Given its retro spirit, it’s surprising the film doesn’t feature a bigger role for the insufferable Harry Connick Jr., who plays a pilot who dies early in the conflict. (The aliens play Butthole Surfers albums to him until he expires—no, wait, that’s what I’d do.) With its unapologetic declaration that only Americans can save the world—glimpsed briefly, fighters from other countries just get to say things like “it’s about bloody time”—Independence Day is more nostalgic for the golden age of American imperialism than enthusiastic for battling its bug-eyed-monster villains. Bring on the aliens, the filmmakers proclaim, so that we can bring back the ’50s.
The first few shots of Phenomenon feature a kitten perching on an old tire, an old hound dog sitting on a porch, and a bunny chewing on some lettuce. Feeling warm and fuzzy yet? If not, this comedy/romance/drama may prove a letdown. Director Jon (While You Were Sleeping) Turteltaub and writer Gerald (Sharkey’s Machine) DiPego push all the buttons, but not necessarily in the right order. Hyped as this years’ Forrest Gump, this cliché-fest will probably not rival that phenomenon, either culturally or financially.
Unlike Gump, Phenomenon’s hero is not beatifically clueless. After he sees a flash of light on the night of his 37th birthday, in fact, George Malley (John Travolta) becomes overwhelmingly aware. No longer able to sleep, he devours three to four books a day, masters foreign languages in minutes, and cracks secret codes in seconds.

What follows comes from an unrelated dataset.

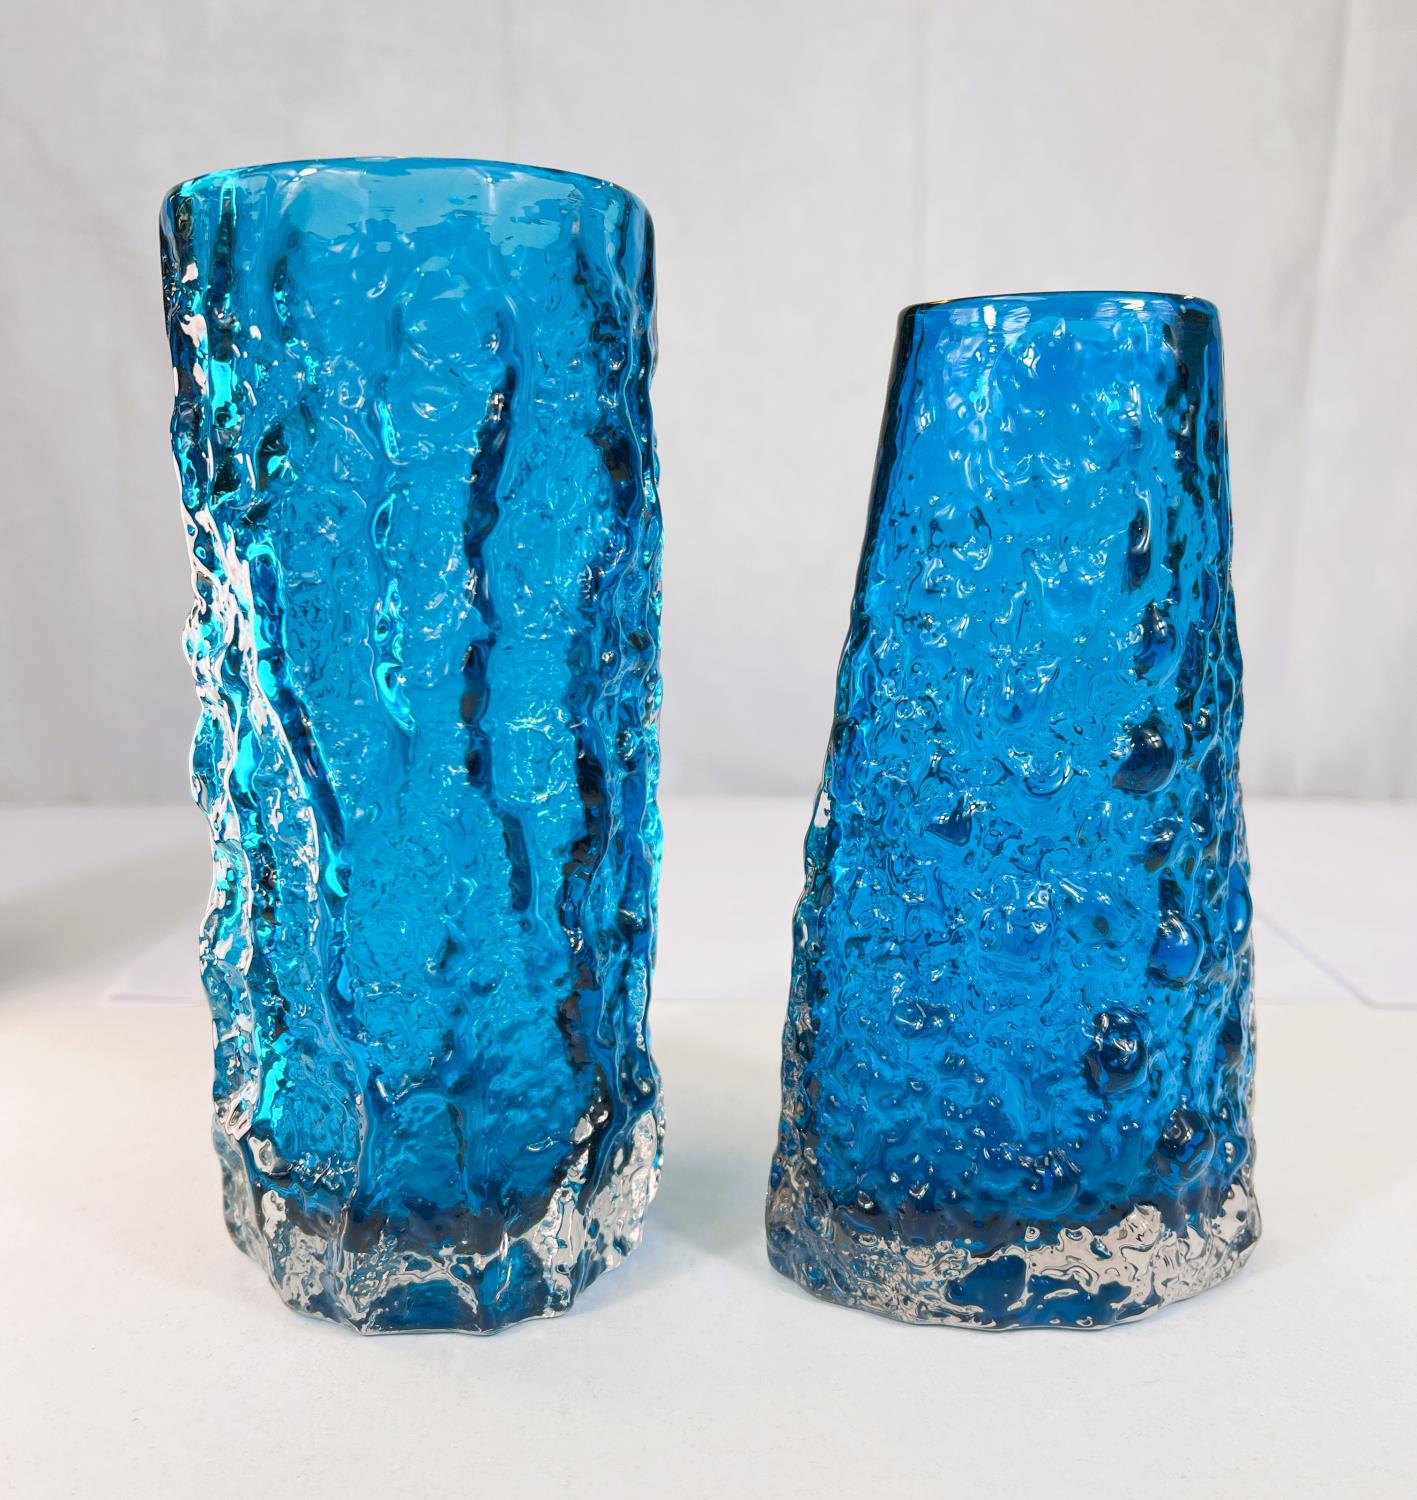 Whitefriars Geoffrey Baxter designed 'Volcano' glass vase in Kingfisher blue pattern 9717,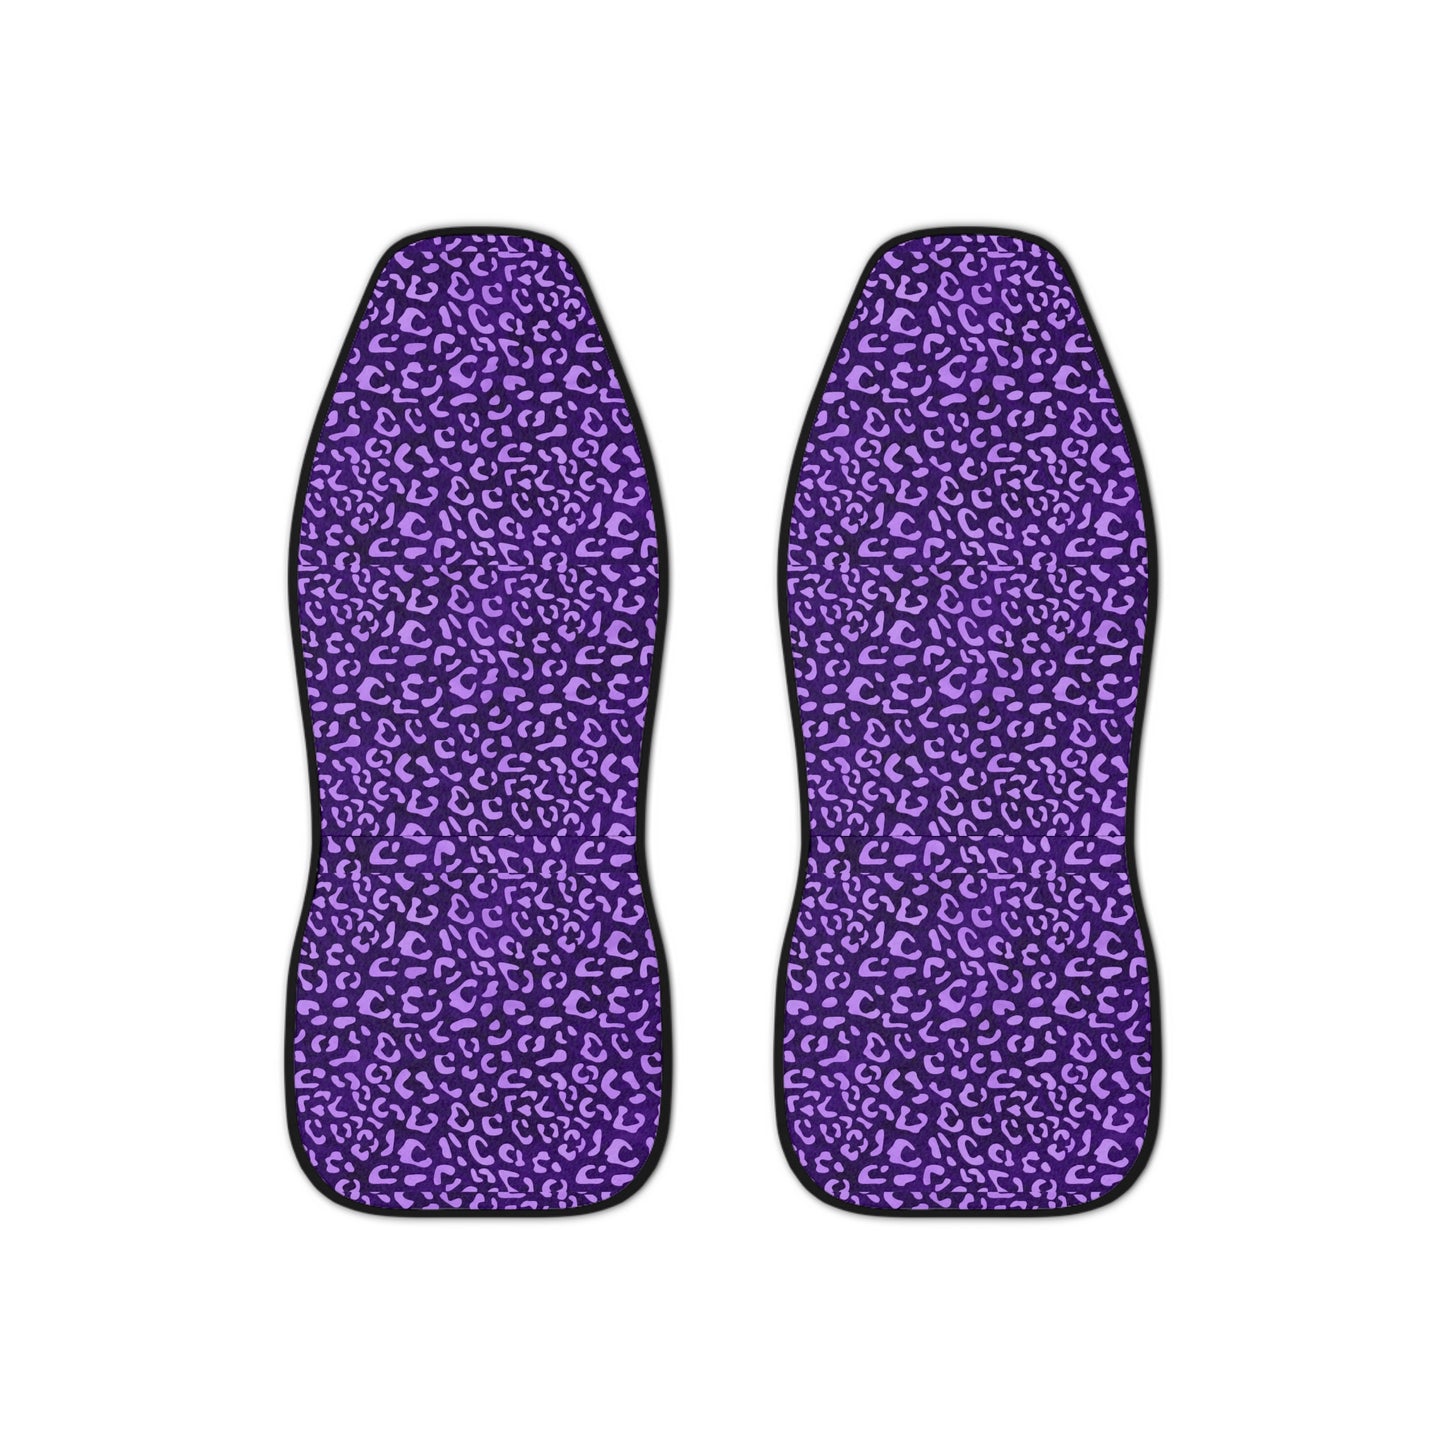 Purple Leopard Print Car Seat Covers

A regular guy from a small town in rural northern California, he applies his newly granted intelligence to everyday problems that have long frustrated him and his neighbors; as a remixed Peter Gabriel proclaims “I Have the Touch,” George masters solar power, invents a miracle fertilizer, and retrofits cars to run on agricultural methane. He’s no intellectual, just a genius.
George is a popular guy in town, with close friends that include Diana Ross–worshipping farmer Nate (Forest Whitaker, sweetly eccentric) and the town physician, Doc (Robert Duvall, gently crotchety). His principal dilemma is Lace (Kyra Sedgwick), the divorced mother of two elementary-school-age kids, who recently moved to the town to escape the amorous attentions of men; he loves her, but she keeps her distance.
As George discovers that he can predict earthquakes, move objects, and locate lost children with the power of his supercharged brain, many of his former friends begin to fear him. (This elementary plot development was better explored 35 years ago by the likes of The Fantastic Four and The Amazing X-Men, the first comic books to outfit their superheroes with alienation as well as tights.) Soon, it’s not just George’s neighbors who are suspicious: He’s arrested by the FBI for his playful busting of coded messages transmitted from the local Air Force base.
Like the Thing or the Hulk, George becomes surly and withdrawn, which makes him irresistible to Lace. After his release, she comes over to his house and—to an Aaron Neville/Robbie Robertson remake of Van Morrison’s “Crazy Love”—shaves him and cuts his hair. Restored to woman’s natural role as the civilizer of the brilliant, unpredictable male, Lace is content, while George is redeemed. There’s one more plot complication, but it’s the one they don’t telegraph in the trailer, so I guess I’m not supposed to mention it.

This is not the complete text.